文摘Adaptive cluster sampling (ACS) has been widely used for data collection of environment and natural resources. However, the randomness of its final sample size often impedes the use of this method. To control the final sample sizes, in this study, a k-step ACS based on Horvitz-Thompson (HT) estimator was developed and an unbiased estimator was derived. The k-step ACS-HT was assessed first using a simulated example and then using a real survey for numbers of plants for three species that were characterized by clustered and patchily spatial distributions.
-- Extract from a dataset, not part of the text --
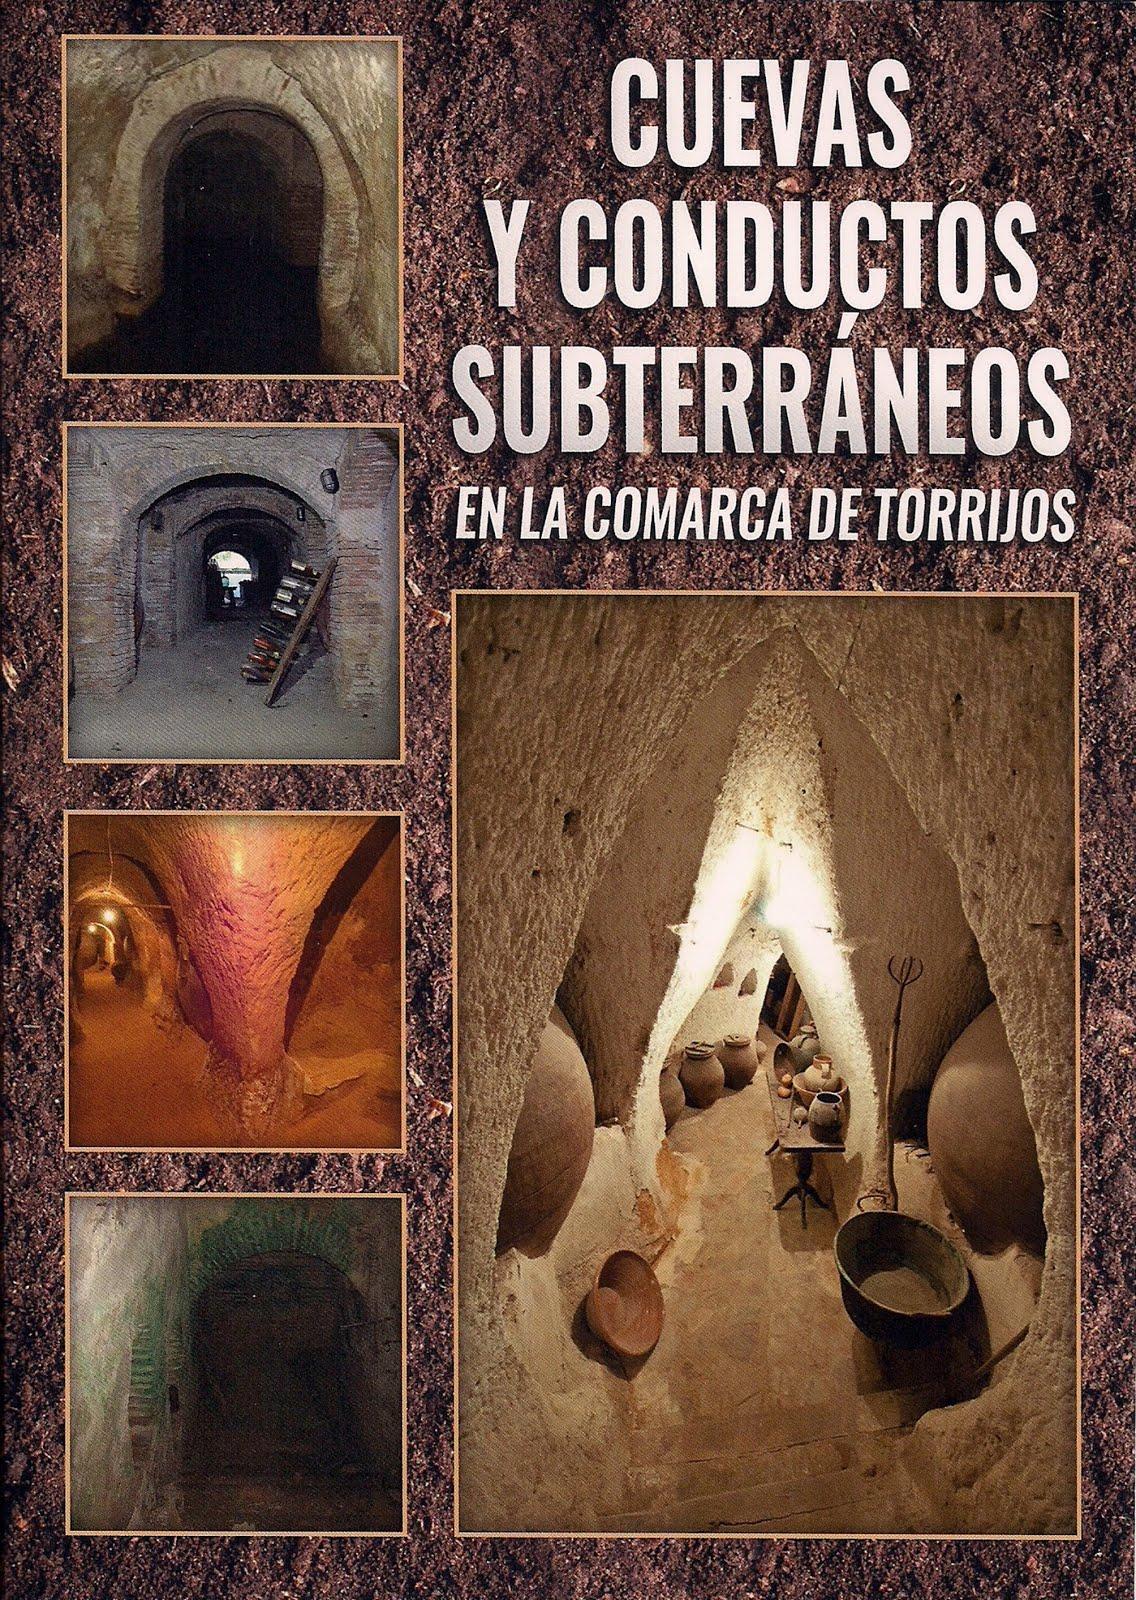 Publicaciones: Cuevas y conductos subterráneos en la comarca de Torrijos
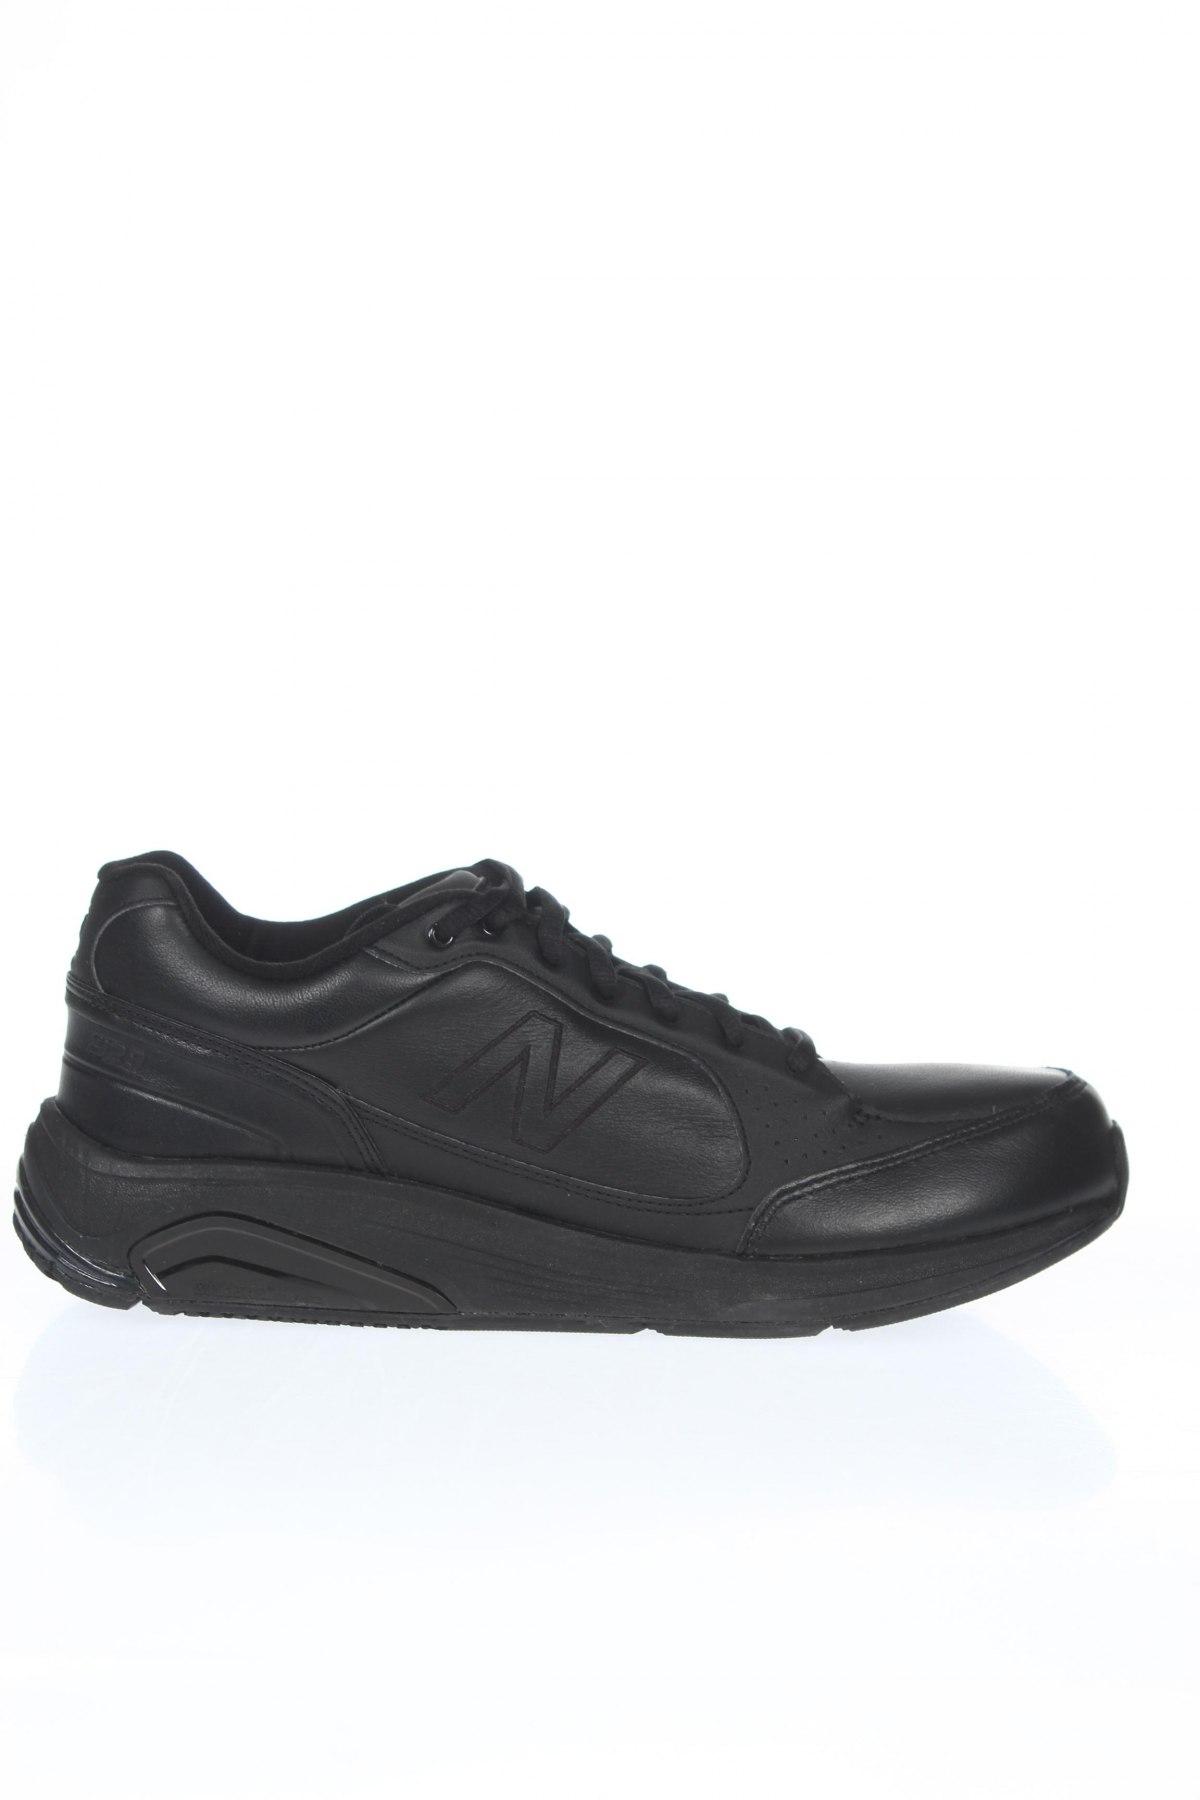 Férfi cipők New Balance - kedvező áron Remixben -  103784967 1c6d285a85

The effectiveness of this sampling design method was assessed in comparison with ACS Hansen-Hurwitz (ACS-HH) and ACS- HT estimators, and k-step ACS-HT estimator. The effectiveness of using different k- step sizes was also compared. The results showed that k-step ACS^HT estimator was most effective and ACS-HH was the least. Moreover, stable sample mean and variance estimates could be obtained after a certain number of steps, but depending on plant species, k-step ACS without replacement was slightly more effective than that with replacement. In k-step ACS, the variance estimate of one-step ACS is much larger than other k-step ACS (k 〉 1), but it is smaller than ACS. This implies that k-step ACS is more effective than traditional ACS, besides, the final sample size can be controlled easily in population with big clusters.